Lessons in ML Optimization

One of the “fun” parts of working in ML for someone with a background in software development and not academic research is lots of hard problems remain unsolved. There are rarely defined ways things “must” be done, or in some cases even rules of thumb for doing something like implementing a production capable machine learning system for specific real world problems.

For most areas of software engineering, by the time it’s mature enough for enterprise deployment, it has long since gone through the fire and the flame of academic support, Fortune 50 R&D, and broad ground-level acceptance in the development community. It didn’t take long for distributed computing with Hadoop to be standardized for example. Web security, index systems for search, relational abstraction tiers, even the most volatile of production tier technology, the JavaScript GUI framework goes through periods of acceptance and conformity before most large organizations are trying to roll it out. It all makes sense if you consider the cost of migrating your company from a legacy Struts/EJB3.0 app running on Oracle to the latest HTML5 framework with a Hadoop backend. You don’t want to spend months (or years) investing in a major rewrite to find that its entirely out of date by your release. Organizations looking at these kinds of updates want an expectation of longevity for their dollar, so they invest in mature technologies with clear design rules.

There are companies that do not fall in this category for sure… either small companies who are more agile and can adopt a technology in the short term to retain relevance (or buzzword compliance), who are funded with external research dollars, or who invest money to stay pushing the bleeding edge. However, I think it’s fair to say, the majority of industry and federal customers are looking for stability and cost efficiency from solved technical problems.

Machine Learning is in the odd position of being so tremendously useful in comparison to prior techniques that companies who would normally wait for the dust to settle and development and deployment of these capabilities to become fully commoditized are dipping their toes in. I wrote in a previous post how a lot of the problems with implementing existing ML algorithms boils down to lifecyle, versioning, deployment, security etc., but there is another major factor which is model optimization.

Any engineer on the planet can download a copy of Keras/TensorFlow and a CSV of their organization’s data and smoosh them together until a number comes out. The problem comes when the number takes an eternity to output and is wrong. In addition to understanding the math that allows things like SGD to work for backpropogation or why certain activation functions are more effective in certain situations… one of the jobs for data scientists tuning DNN models is to figure out how to optimize the various buttons and knobs in the model to make it as accurate and performant as possible. Because a lot of this work *isn’t* a commodity yet, it’s a painful learning process of tweaking the data sets, adjusting model design or parameters and rerunning and comparing the results to try and find optimal answers without overfitting. Ironically the task data scientists are doing is one perfectly suited to machine learning. It’s no surprise to me that Google developed AutoML to optimize their own NN development.


A number of months ago Phil and I worked on an unsupervised learning task related to organizing high dimensional agents in a medical space. These entities were complex “polychronic” patients with a wide variety of diagnosis and illness. Combined with fields for patient demographic data as well as their full medical claim history we came up with a method to group medically similar patients and look for statistical outliers for indicators of fraud, waste, and abuse. The results were extremely successful and resulted in a lot of recovered money for the customer, but the interesting thing technically was how the solution evolved.

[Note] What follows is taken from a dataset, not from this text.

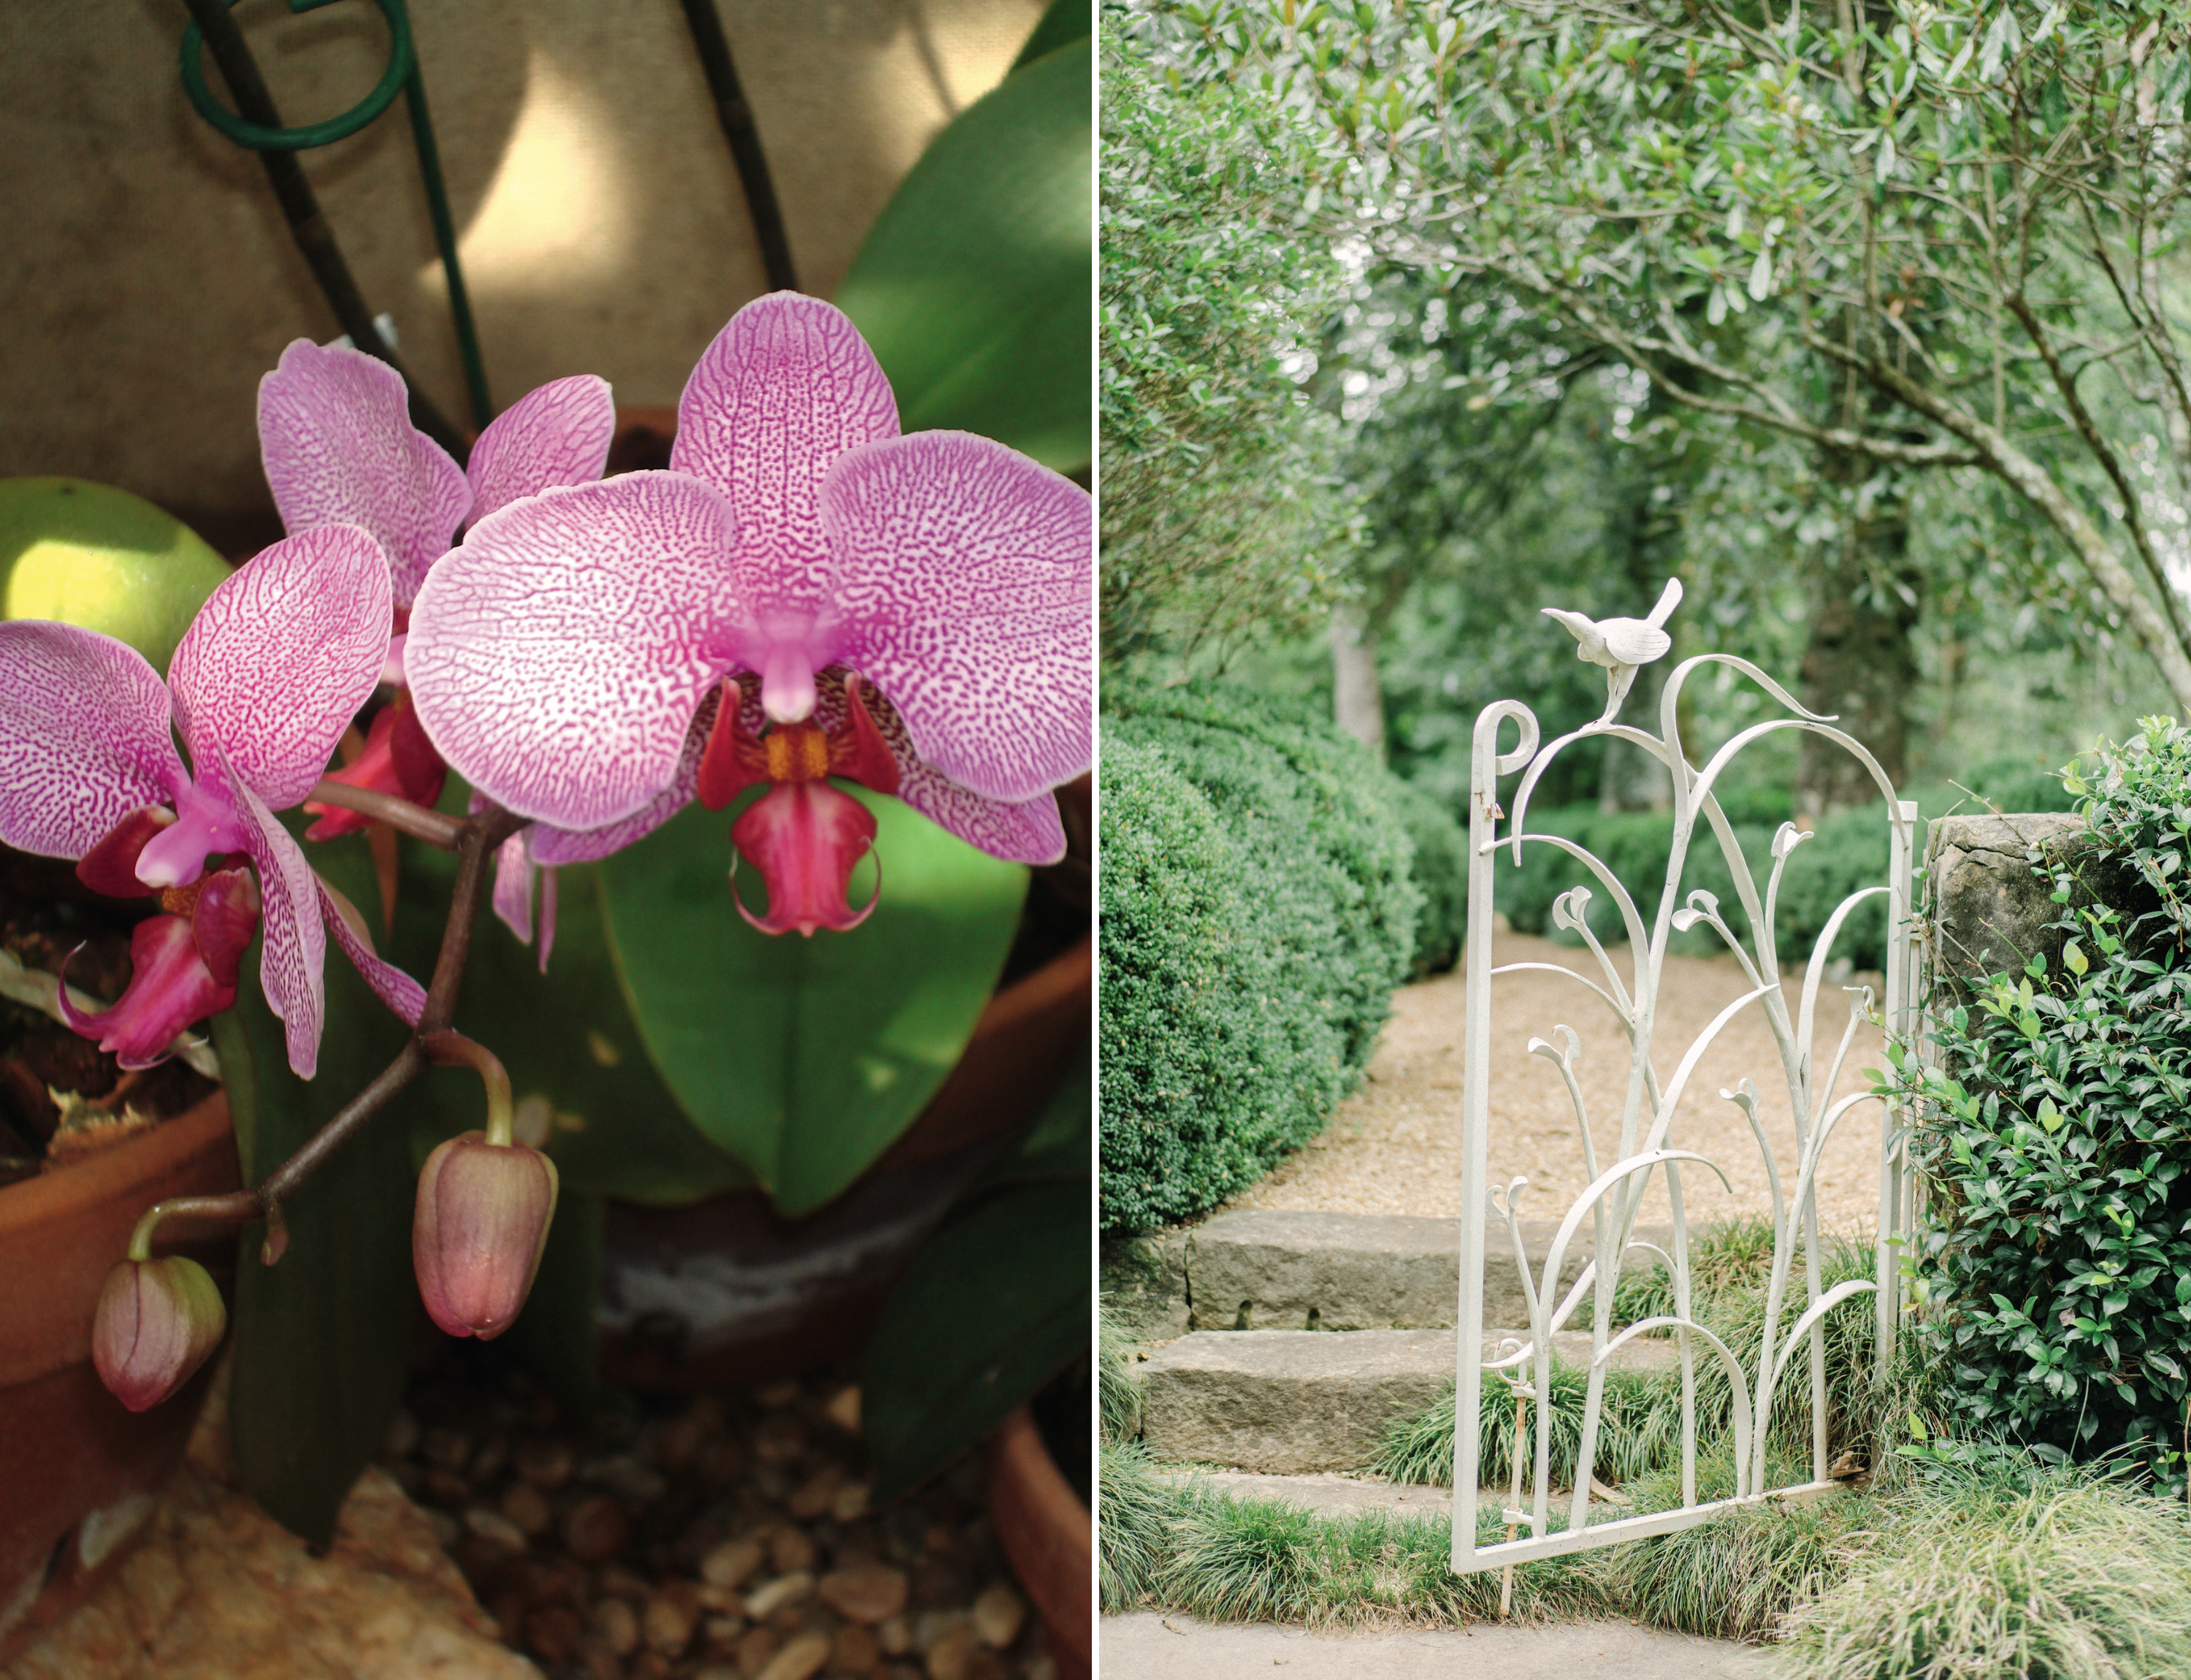 A collage of two images. Left: Two pink orchids in bloom. Right: A white gate with an iron bird on top; it is surrounded by a green path.

Our first prototype used a wide variety of clustering algorithms, value decompositions, non-negative matrix factorization, etc looking for optimal results. All of the selections and subsequent hyperparameters had to be modified by hand, the results evaluated, and further adjustments made.

When it became clear that the results were very sensitive to tiny adjustments, it was obvious that our manual tinkering would miss obvious gradient changes and we implemented an optimizer framework which could evaluate manifold learning techniques for stability and reconstruction error, and the results of the reduction clustered using either a complete fitness landscape walk, a genetic algorithm, or a sub-surface division.

While working on tuning my latest test LSTM for time series prediction, I realized we’re dealing with the same issue here. There is no hard and fast rule for questions like, “How many LSTM Layers should my RNN have?” or “How many LSTM Units should each layer have?”, “What loss function and optimizer work best for this type of data?”, “How much dropout should I apply?”, “Should I use peepholes?”

I kept finding articles during my work saying things like, “There are diminishing returns for more than 4 stacked LSTM layers”. That’s an interesting rule of thumb… what is it based on? The author’s intuition based on the data sets for the particular problems they were experiencing presumably. Some rules of thumb attempted to generate a mathematical relationship between the input data size and complexity and the optimal layout of layers and units. This StackOverflow question has some great responses: https://stackoverflow.com/questions/35520587/how-to-determine-the-number-of-layers-and-nodes-of-a-neural-network

A method recommended by Geoff Hinton is to add layers until you start to overfit your training set. Then you add dropout or another regularization method.

Because so much of what Phil and I do tends towards the generic repeatable solution for real world problems, I suspect we’ll start with some “common wisdom heuristics” and rapidly move towards writing a similar optimizer for supervised problems.